A: 3D Printing Studios can FDM parts can be as large as 406 x 355 x 406 mm. (X, Y, and Z). Designers should note that extruded plastic is strongest in the tensile mode along the X-Y plane. Layers are held together by newly deposited material across the strands (one strand cools while the other is laid on top of it), so the finished part’s lowest strength is in the Z-direction for both tensile and shear modes. Overhanging nonsupported features, such as the top of a closed box, require that support material be built, which increases the time and material needed to build a part. Therefore, orientation is usually determined by the part processor. For example, half of a box-shaped casing is built with the main exterior facing down so no internal support is needed.
Q: Can all of an assembly’s parts be made at one time on an FDM machine?
A: Yes but we need to ensure enough clearance between parts to prevent them from fusing together. The guideline for clearances on assemblies is a minimum Z clearance of the slice thickness. The X/Y clearance should be at least the default extrusion width based on a suggested minimum wall thickness.
Q: Why and how do parts get sectioned?
A: Sectioning is used to: build parts too big for the build chamber by cutting parts into sections; minimize support structures; remove overhanging features from the top of parts (in their build orientation) and build them separately; prevent fragile features from damage during post processing; and to isolate fragile features from a part and build them separately. After fragile features are removed, they can be built in orientations that result in stronger parts. There are several bonding methods to reattach features and join sectionedparts. Parts may be sectioned prior to manufacturing in CAD, in prototyping software applications or by an FDM service provider.

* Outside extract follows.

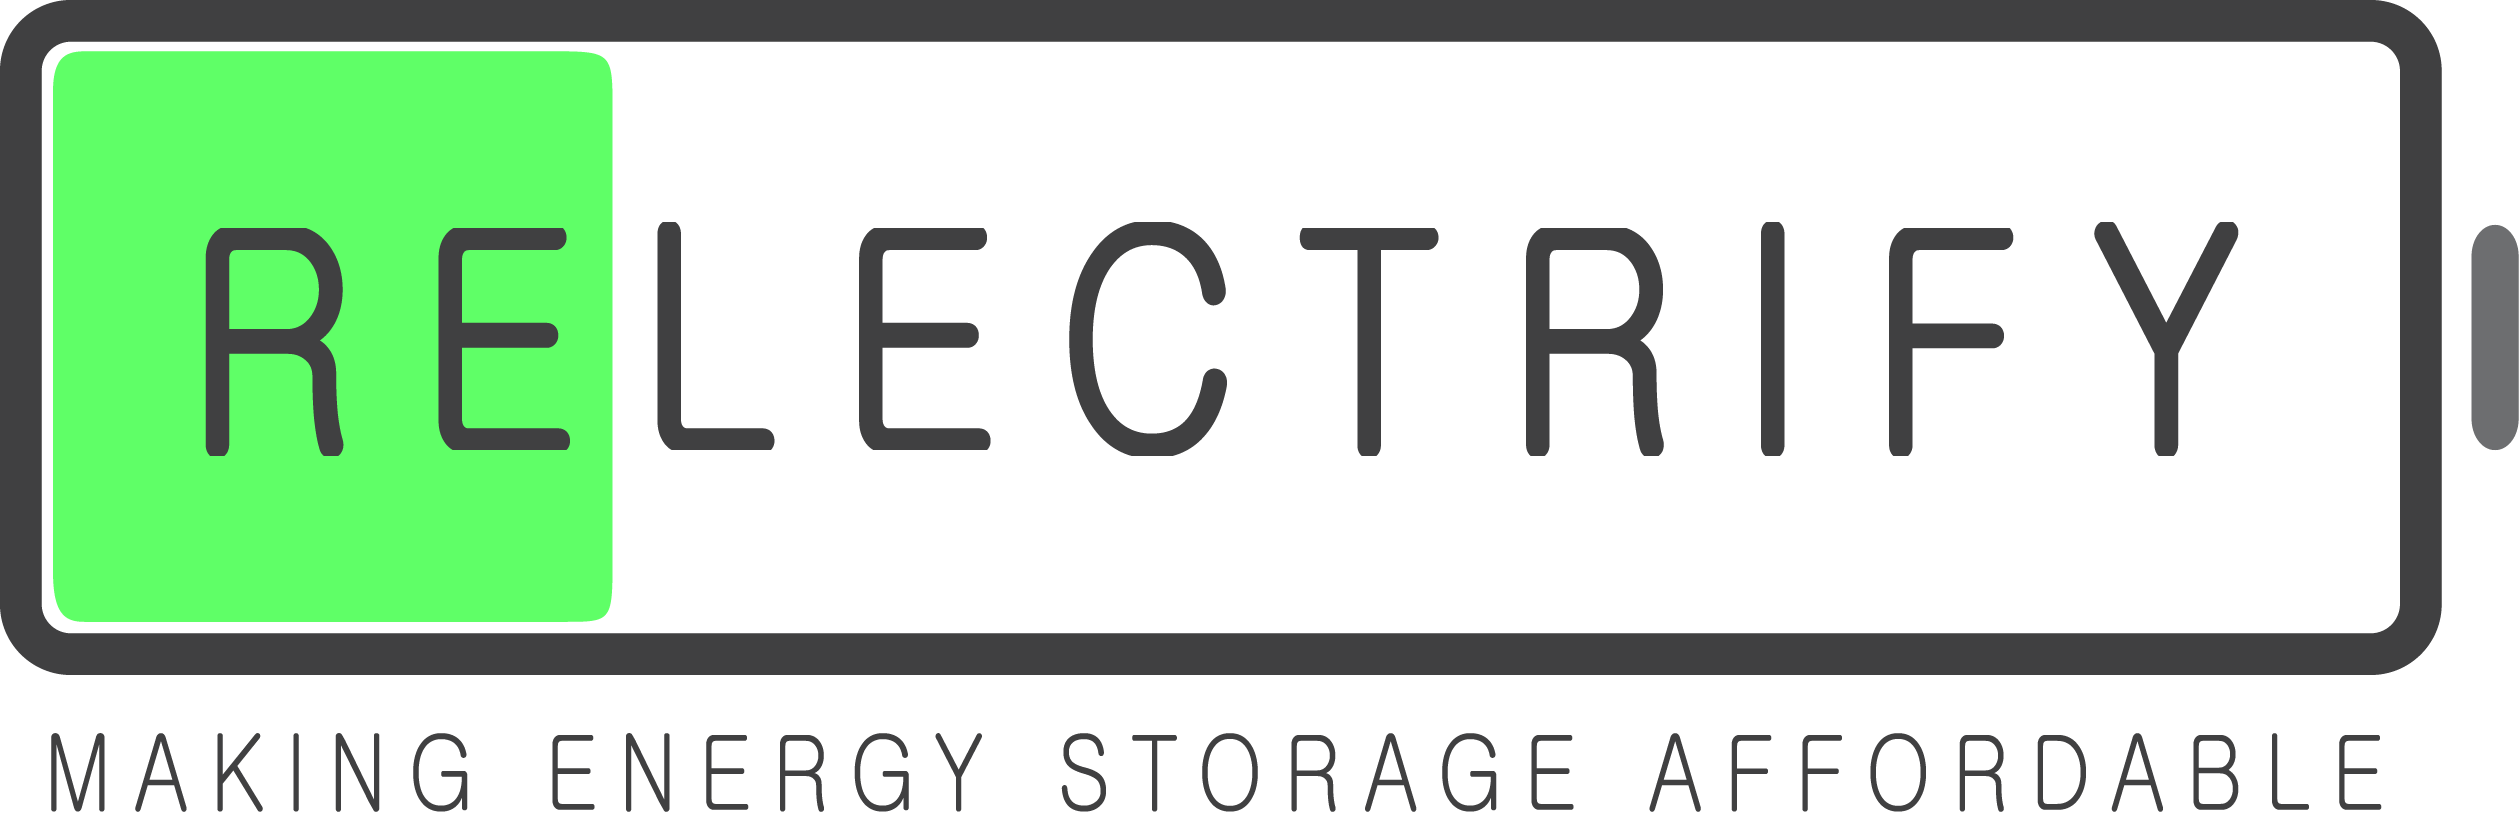 Relectrify logo with tagline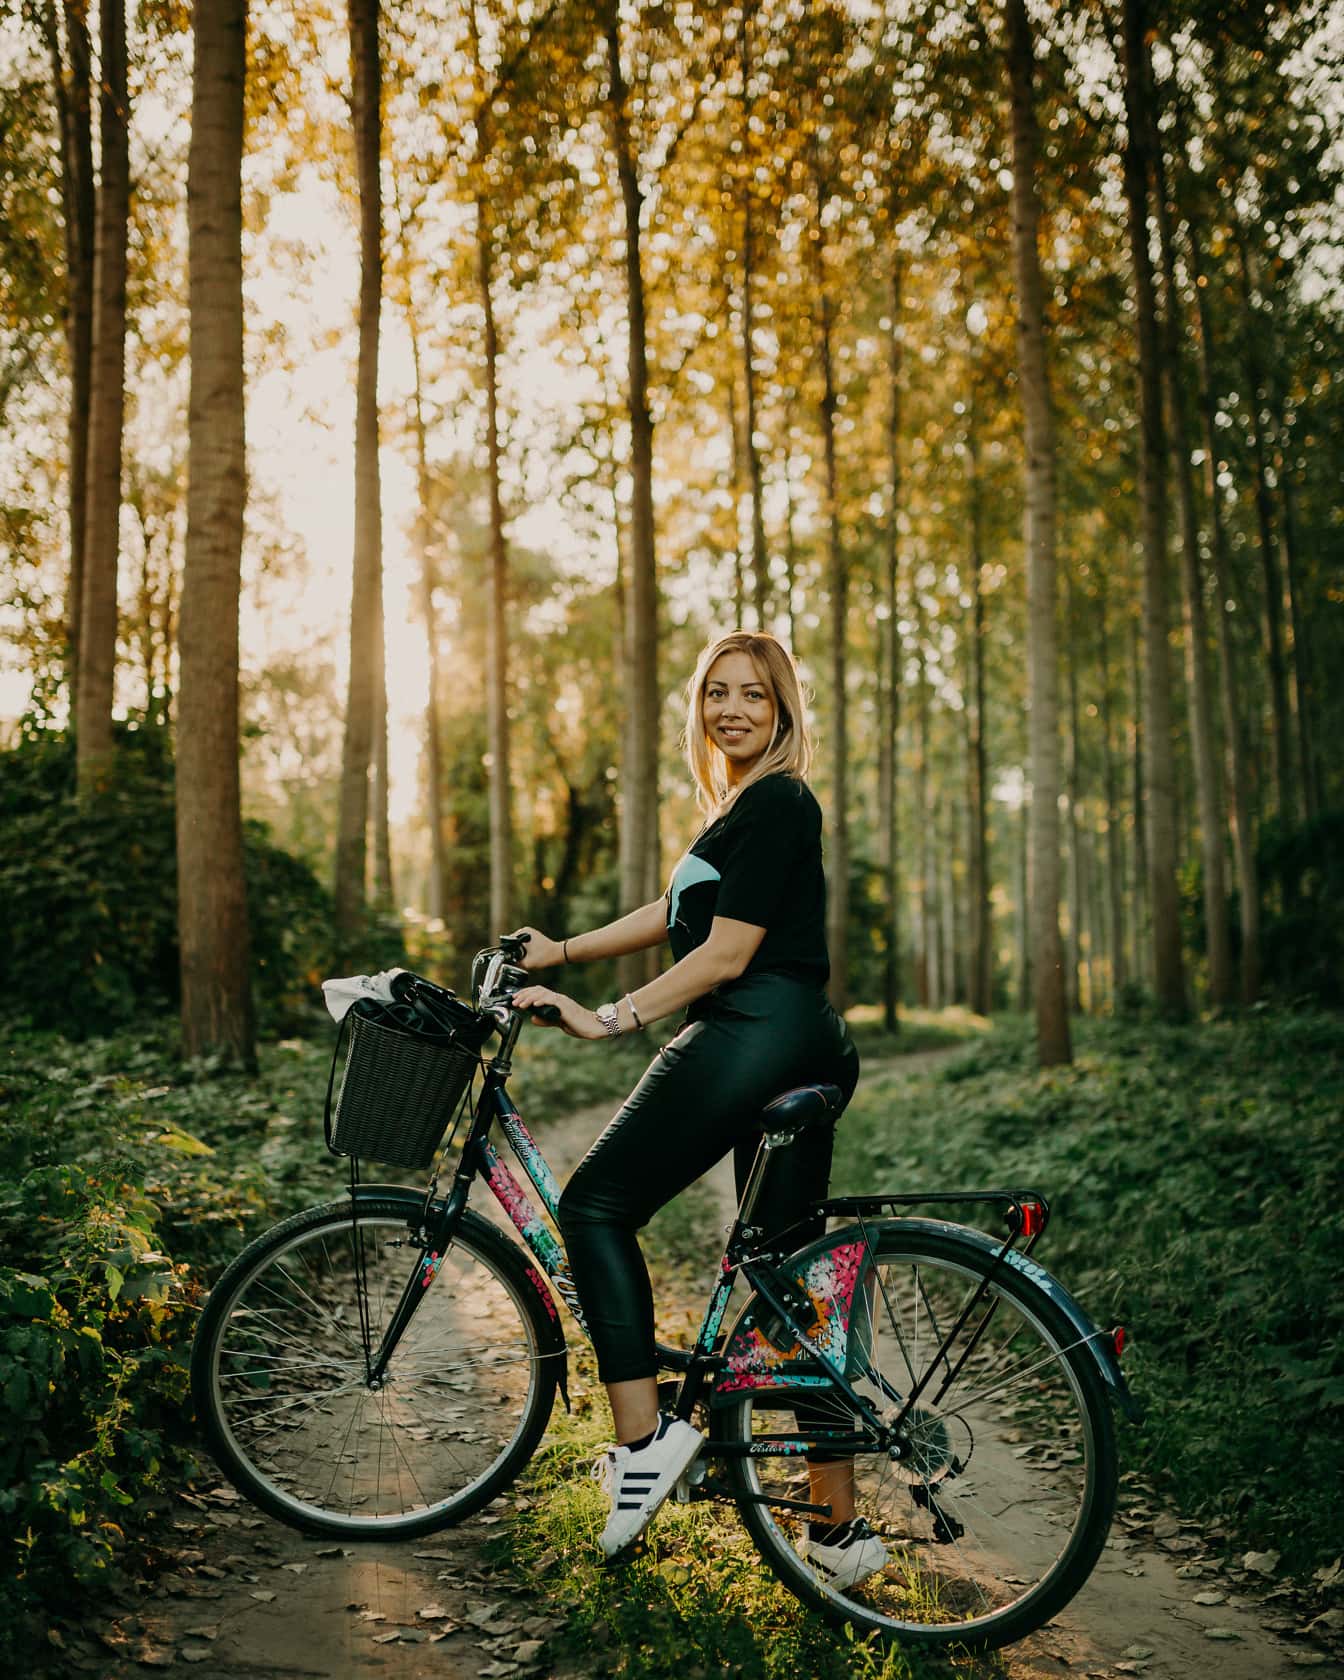 Młoda kobieta w czarnych skórzanych spodniach na rowerze po leśnej ścieżce

Q: Can FDM parts be post processed?
A: FDM uses engineering-grade thermoplastics, so parts will withstand a number of post-manufacturing processes. These include machining operations such as drilling and tapping, sawing, turning, and milling. But heat builds up quickly in plastic parts, so removing material slowly and using coolant keeps parts from distorting. Other post processing operations may include smoothing, burnishing, sealing, joining, bonding, and plating.